"PanamaPapers" Geflecht von Briefkastenfirmen Putin-Vertrauter

Stand: 13.04.2016 12:06 Uhr

In den "PanamaPapers" tauchen auch Transaktionen in Milliardenhöhe auf, die mit Vertrauten und dem Umfeld des russischen Präsidenten Putin in Verbindung stehen. Offenbar betrieben sie ein Netzwerk von Briefkastenfirmen.

Von Petra Blum, WDR

Es gibt kaum jemanden im Umfeld von Wladimir Putin, der über seine Nähe zu ihm spricht - nur einer gab der Presse in der Vergangenheit ungewohnt ausführlich Auskunft über seine gemeinsame Jugendzeit mit dem russischen Staatschef und dessen Privatleben: der St. Petersburger Profi-Cellist Sergej Roldugin. In zahlreichen Interviews beschreibt er, wie er und der nur ein Jahr jüngere Putin durch die Straßen von St. Petersburg fuhren, als sie beide noch in ihren 20ern waren, sich gelegentlich prügelten, und wie sein Freund Vladimir seine spätere Frau Lyudmilla kennenlernte.

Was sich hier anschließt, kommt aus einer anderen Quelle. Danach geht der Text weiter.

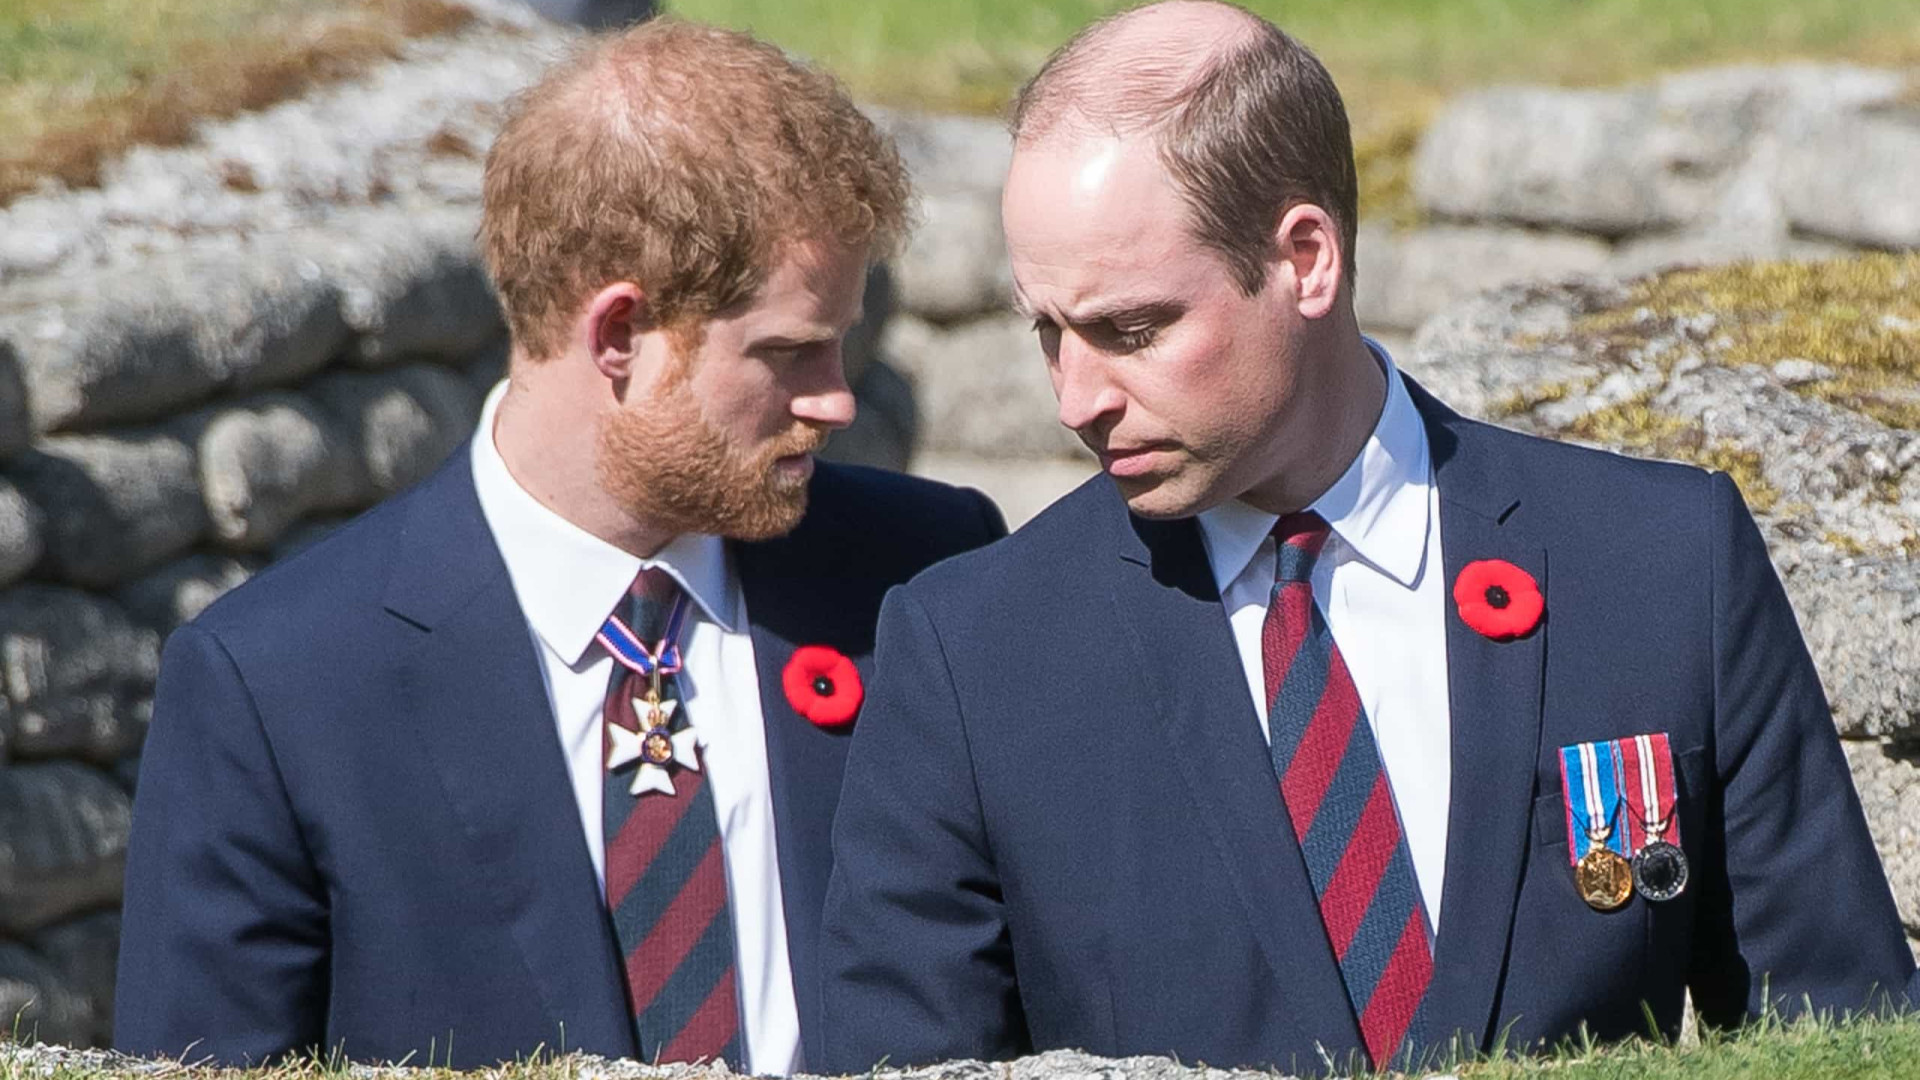 Príncipes Harry e William caminharão separadamente em cortejo fúnebre do avô

Netzwerk von Briefkastenfirmen

Wie die Recherchen des International Consortium of Investigative Journalists (ICIJ), der "Süddeutschen Zeitung", des NDR und des WDR ergaben, offenbaren die "PanamaPapers" eine neue Seite von Putins Freund Sergej Roldugin. Er spielte eine wichtige Rolle in einem Netzwerk von Briefkastenfirmen, durch das im Laufe mehrerer Jahre zwei Milliarden Dollar geschleust wurden und in dem weitere Bekannte des Präsidenten auftauchen. Und das, obwohl Putin selbst Briefkastenfirmen öffentlich für "unpatriotisch" erklärt hat.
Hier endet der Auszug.